Symbolic representations have been introduced on slide 53 of the lecture notes.
Here, your variables are V = {p, q}. Your initial states Are described by ΨI = ¬q. You transition relation is defined by ΨR = (p → (¬(p' ↔ q') ∨ (q' ↔ q))). You'd do the following steps:
- Create all possible states. The variables p and q can either be present or absent. These yields four states: {}, {q}, {p}, {p,q}
- Marks the initial states. Those are the states satisfying ¬q. That means that q may not be present in the label. That's the case for {}, {p}.
- Find all satisfying assignments of the formula representing the transition relation. One satisfying assignment is p = q = q' = true, p' = false. The primed variables mark the destination, the unprimed ones the source of the source of the transition. This satisfying assignment corresponds to the transition {p, q} → {q}
I hope that helps. I am not quite sure at which point you got stuck when asking this question. The question is an exam question (Feb 2020, Page 8, Problem 3). You might have a look at the standard solutions to this and other exam questions. That might help understanding what is going on here.

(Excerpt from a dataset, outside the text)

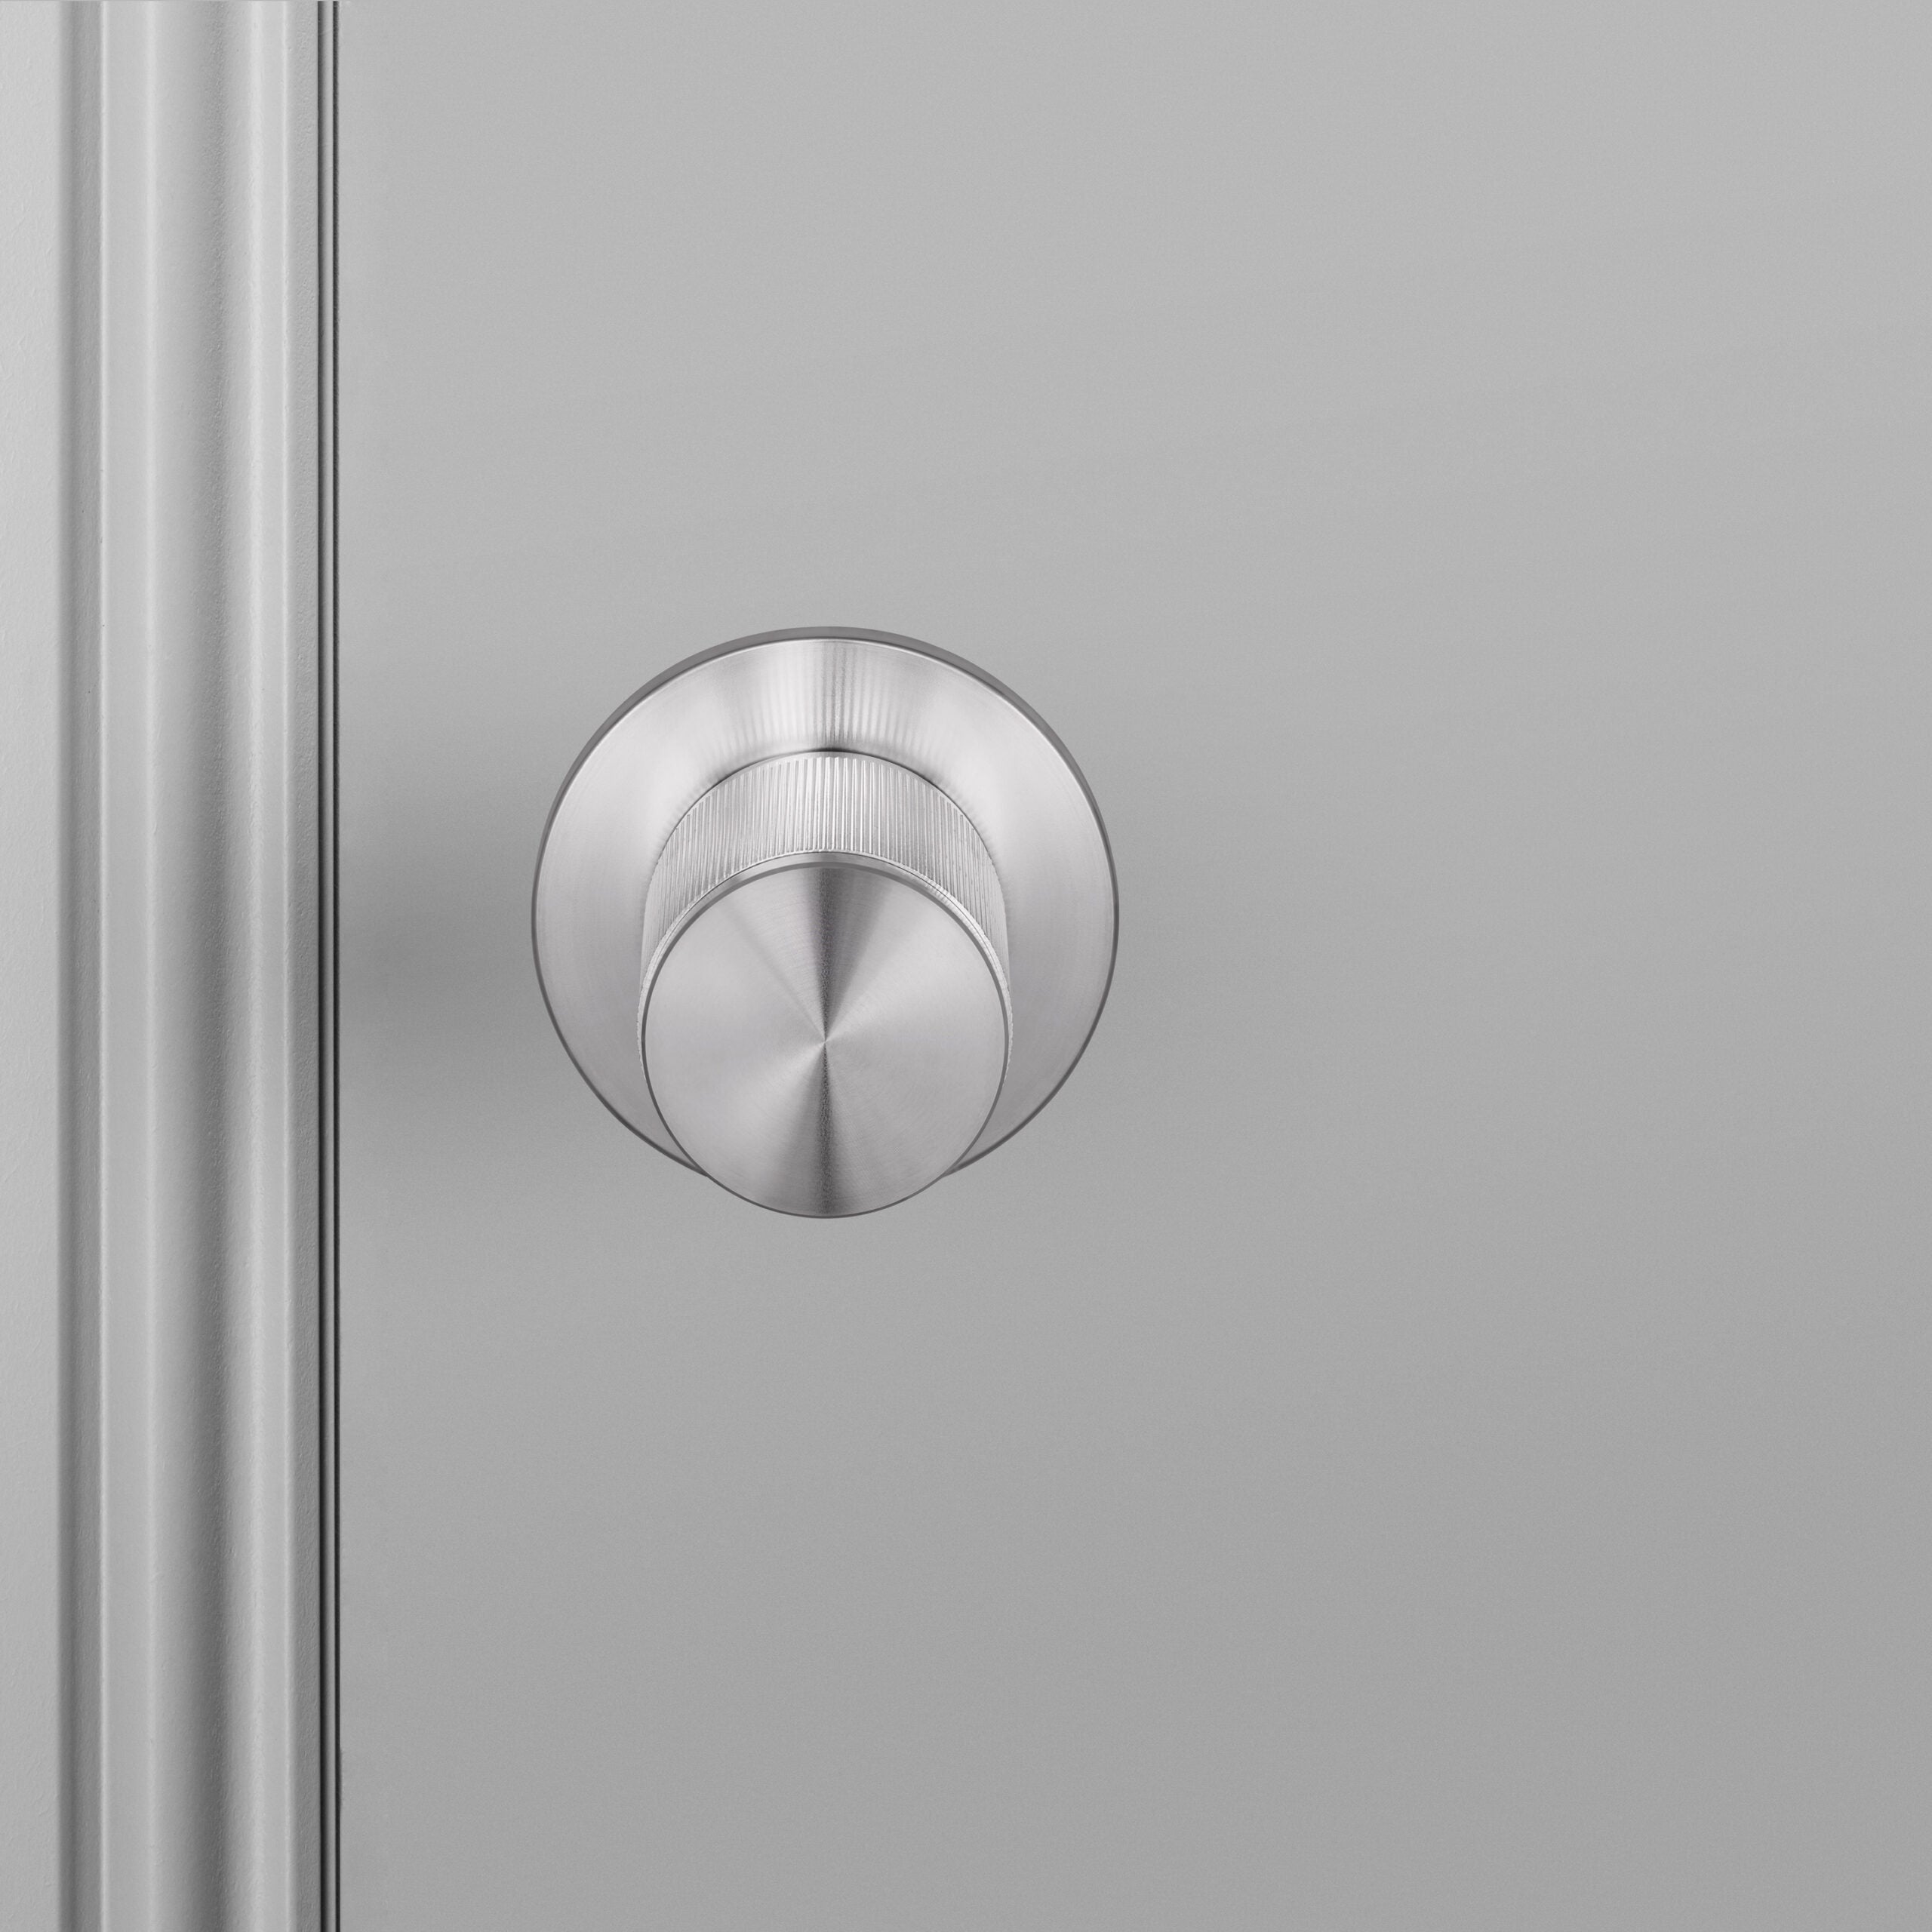 Buster + Punch Conventional Door Handle, Linear Design - PASSAGE TYPE
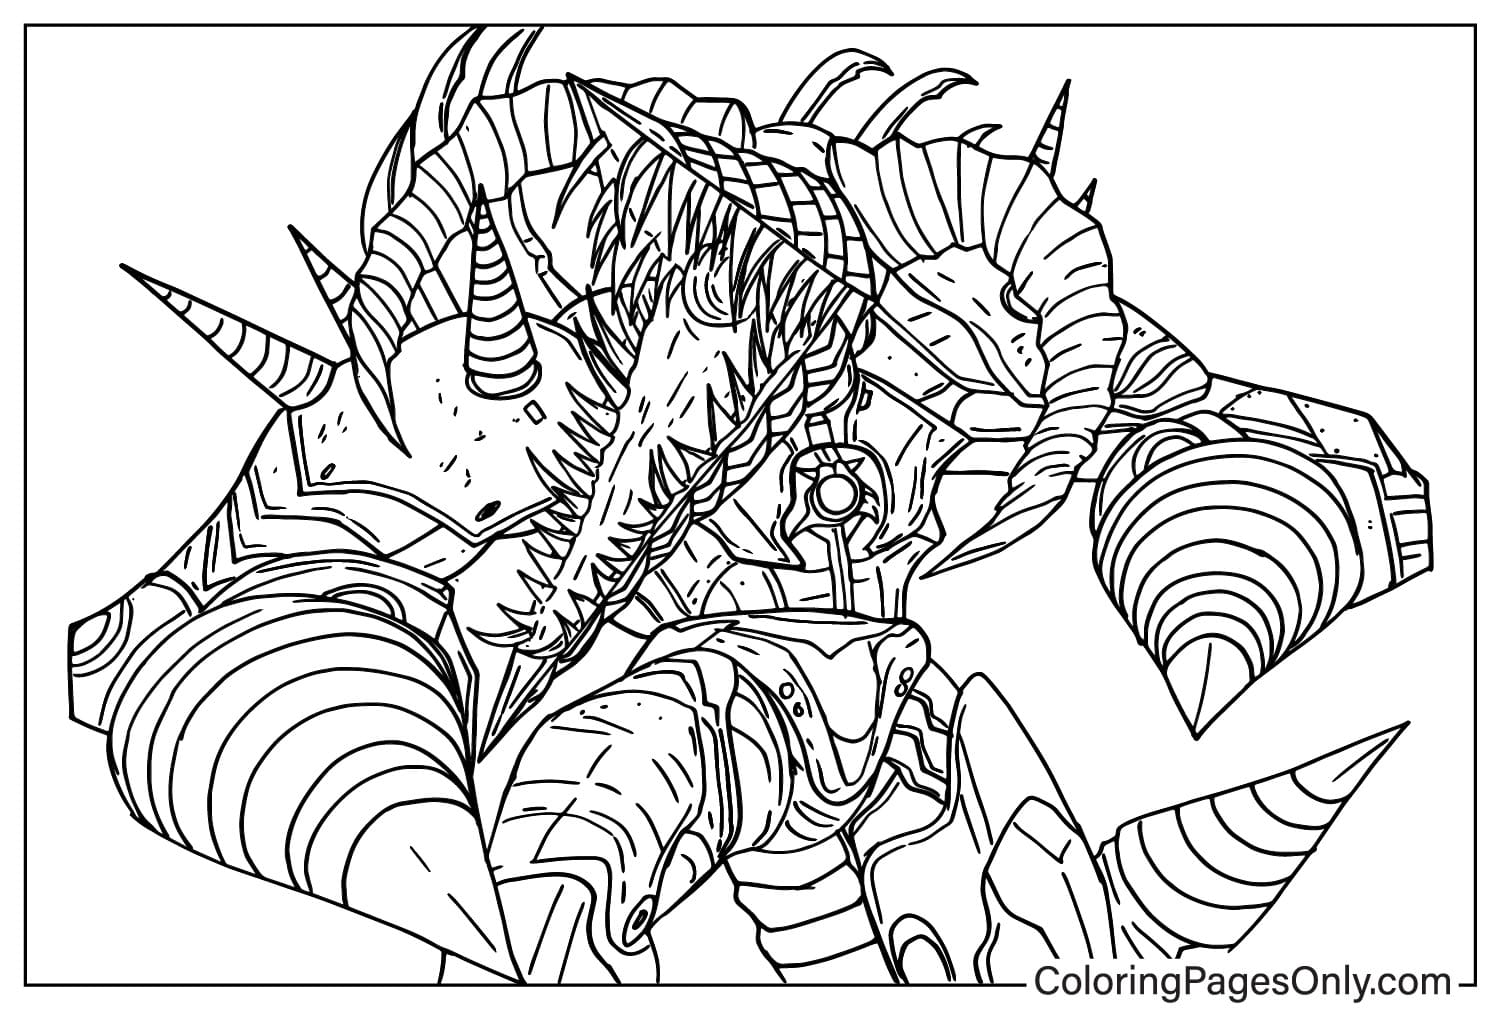 Draw Upgraded Titan Drill Man Coloring Page from Upgraded Titan Drill Man

In this solution, you can find a partial truth table. This means that for the unprimed variables, all combinations were plugged in and the formula was partially evaluated. For example p = q = 1 evaluated to p' ∨ q'. Every satisfying assignment to p', q' extends the partial assignment to a variable assignment that corresponds to a transition. A special case is the first line of the (partial) truth table. Here, the partial assignment p = q = 0 turned the whole formula true. This means that the transitions from {} (both p, q are false) lead to all states in the structure.